9.3.2. Moving Resources Due to Failure
Normally, if a running resource fails, pacemaker will try to start it again on the same node. However if a resource fails repeatedly, it is possible that there is an underlying problem on that node, and you might desire trying a different node in such a case.
Pacemaker allows you to set your preference via the
migration-threshold
resource option.
Simply define migration-threshold=N
for a resource and it will migrate to a new node after N failures. There is no threshold defined by default. To determine the resource’s current failure status and limits, run crm_mon --failcounts
.
By default, once the threshold has been reached, the troublesome node will no longer be allowed to run the failed resource until the administrator manually resets the resource’s failcount using crm_failcount
(after hopefully first fixing the failure’s cause). Alternatively, it is possible to expire them by setting the failure-timeout
option for the resource.
For example, a setting of migration-threshold=2
and failure-timeout=60s
would cause the resource to move to a new node after 2 failures, and allow it to move back (depending on stickiness and constraint scores) after one minute.

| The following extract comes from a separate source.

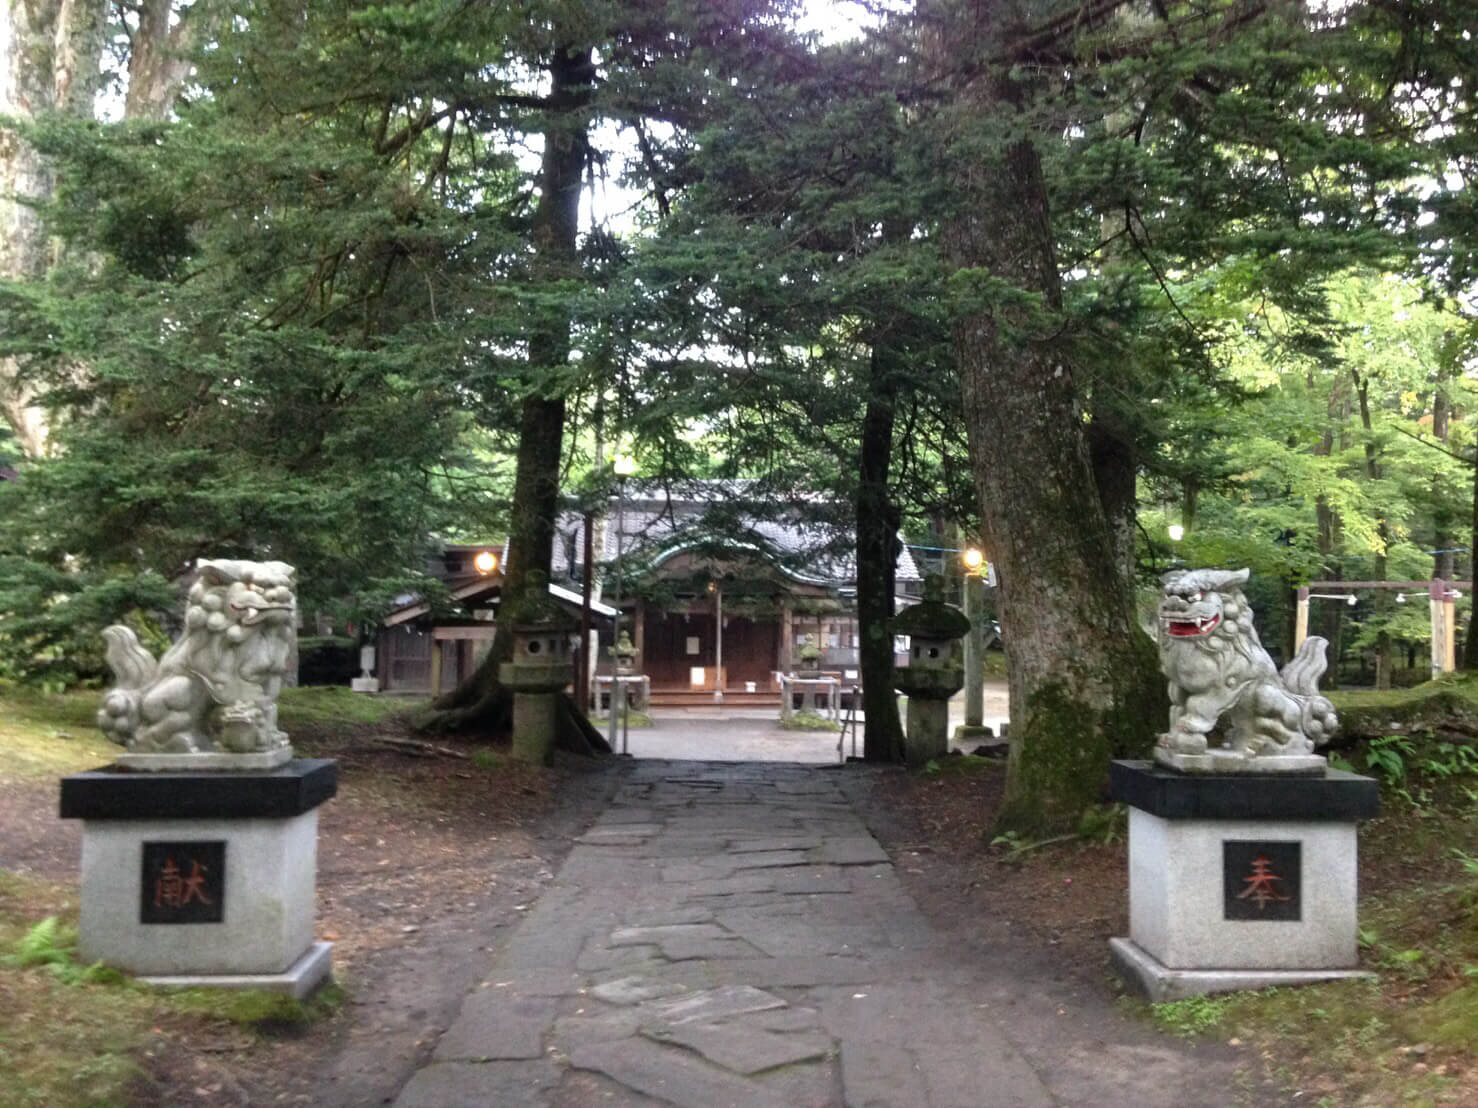 軽井沢 karuizawa 諏訪神社 suwa shrine

There are two exceptions to the migration threshold concept: when a resource either fails to start or fails to stop.
If the cluster property start-failure-is-fatal
is set to true
(which is the default), start failures cause the failcount to be set to INFINITY
and thus always cause the resource to move immediately.
Stop failures are slightly different and crucial. If a resource fails to stop and STONITH is enabled, then the cluster will fence the node in order to be able to start the resource elsewhere. If STONITH is not enabled, then the cluster has no way to continue and will not try to start the resource elsewhere, but will try to stop it again after the failure timeout.